Why It Matters: Time-to-click is one of the most reliable signals for distinguishing real customer clicks from security scanner activity. Real customers take minutes to hours to click after receiving an email; bots click within seconds. For Shopify brands, this signal is central to how InboxEagle Bot Finder filters your click data to reveal true engagement.

Technical Details: Timestamp of delivery/open vs. timestamp of click request. Thresholds are configurable (e.g., 10 seconds, 1 minute). May be combined with other signals in a scoring model.

Example: InboxEagle Bot Finder analyses a Shopify brand’s campaign: 80% of clicks from Proofpoint IPs arrive within 8 seconds of delivery; real customer clicks have a median time-to-click of 18 minutes; clicks under 10 seconds from known scanner IPs are labelled BOT, dramatically cleaning the CTR metric.

Related Terms: Bot Finder, Prefetching, Human click verification, Bot filtering

Category: Bot Detection · Analytics

Edge Cases: Some real users click immediately (e.g., “Confirm subscription”).
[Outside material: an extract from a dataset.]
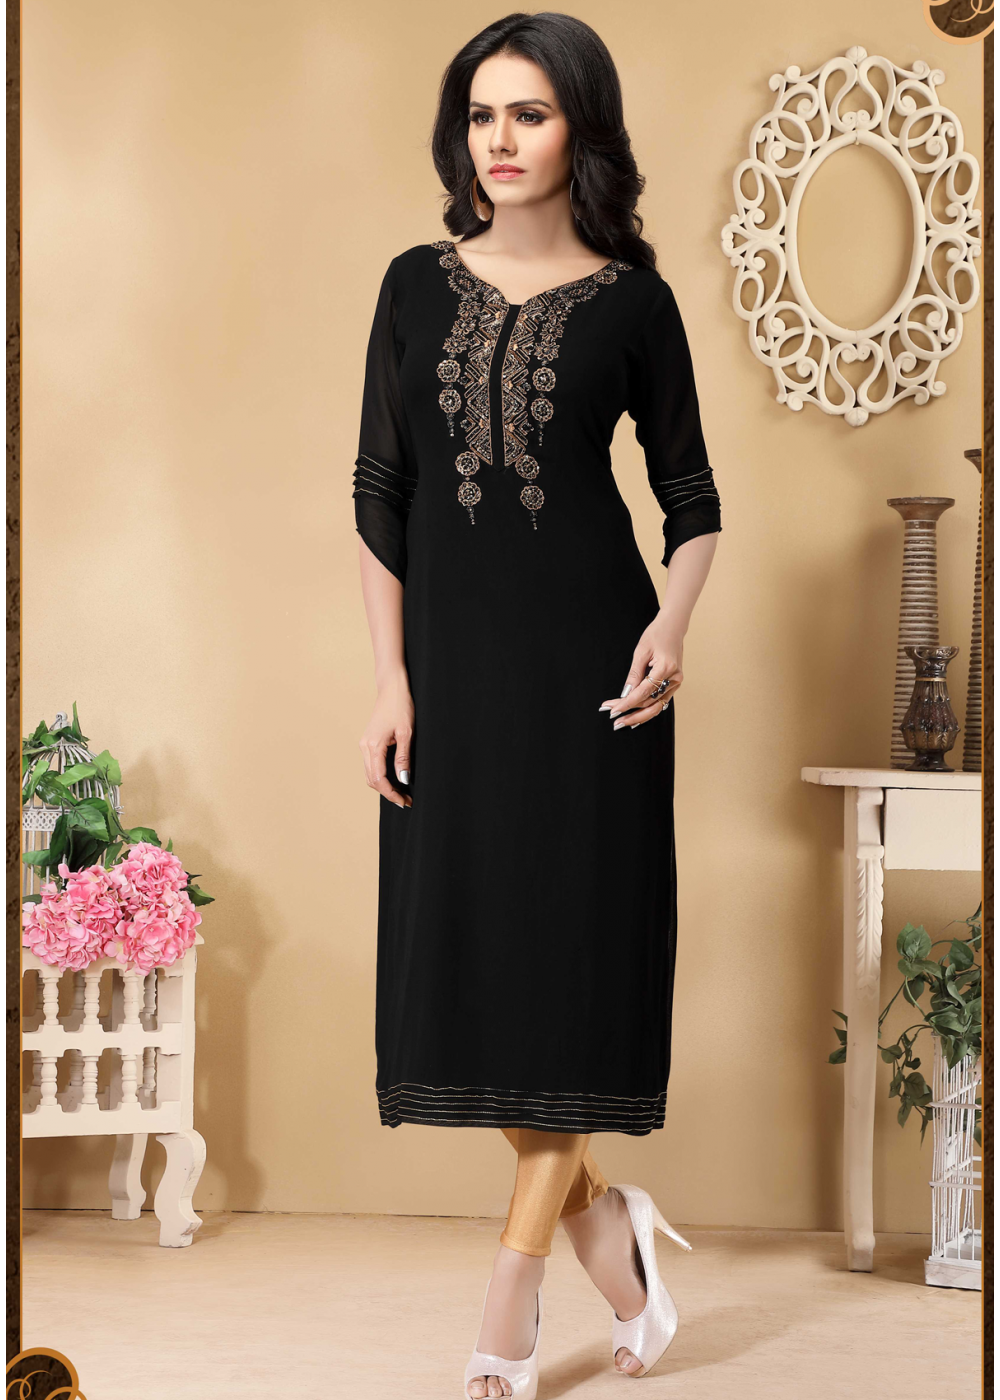 Party Wear Georgette Kurtis Online Shopping for Women at Low Prices

Segment-specific thresholds (e.g., transactional vs. marketing) can improve accuracy.

Throttling

Short Definition: The receiver limiting the rate or volume of mail accepted from a sender (e.g., by delaying or rejecting excess messages) based on reputation or policy.

Detailed Explanation: When a receiver throttles, it may return 4xx (try again later) or queue and slow acceptance. Throttling protects the receiver from overload and is often applied to senders with neutral or low reputation. Warmup and good reputation reduce throttling.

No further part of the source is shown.